Samsung shows 14nm chip
At its booth here, Samsung showed a mobile applications processor decoding high-definition video on a handset and a TV screen. It would not say whether the chip was a next-generation version of the company’s Exynos family.
Samsung has multiple customers now using the early version of its 14nm FinFET process, however none has agreed to be named yet. The process is fully qualified and in production, but Samsung declined to comment on its yields or volumes.
The news comes one day after rival TSMC’s annual event here, in which partners gave multiple papers on working with TSMC’s 16nm FinFET process. “We are locked in a huge race” to 16/14nm FinFET production, said Kelvin Low, a foundry marketing manager for Samsung.
TSMC claimed at its event its 16nm FinFET process can drive a 64-bit ARM Cortex A57 core to 2.6 GHz, according to an Intel representative at ARM Tech Con.
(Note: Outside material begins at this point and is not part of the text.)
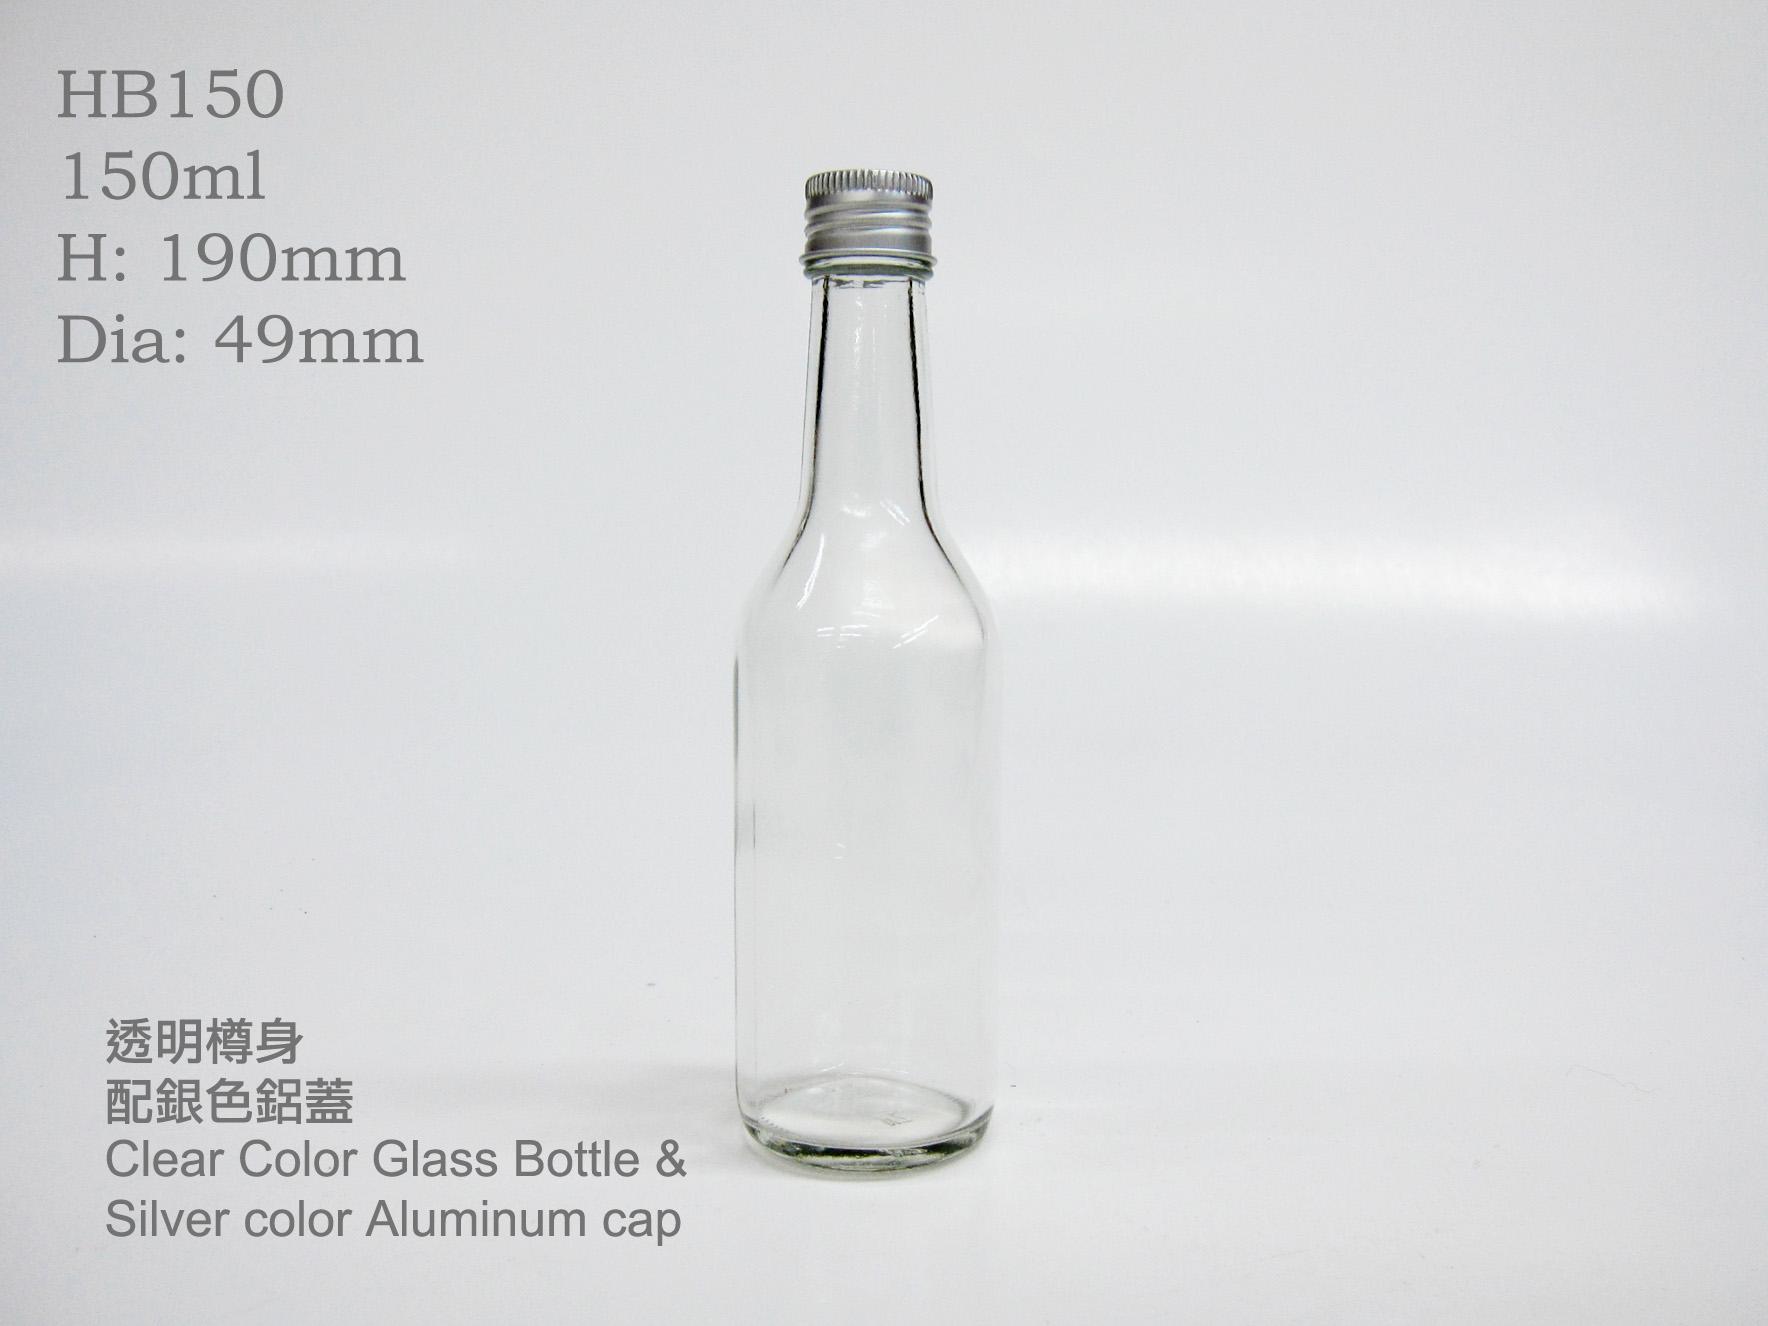 HB150_silver_cap_4e1fdf78e7b48

Samsung declined to provide any specifics on parts made in its 14nm FinFET process.
Samsung’s reticence should not be taken as a sign it is behind, said one source familiar with both companies’ processes. TSMC typically uses ARM cores to test its new processes, but Samsung does not, the source said, noting it’s a close race between the two companies.
In a session here, Samsung and GlobalFoundries reiterated their ongoing partnership, announced in April, on the 14nm process. Both companies aim to have products ramping into volume production next year. They will follow-up with a version of the process, now being qualified, that will be optimized for high performance.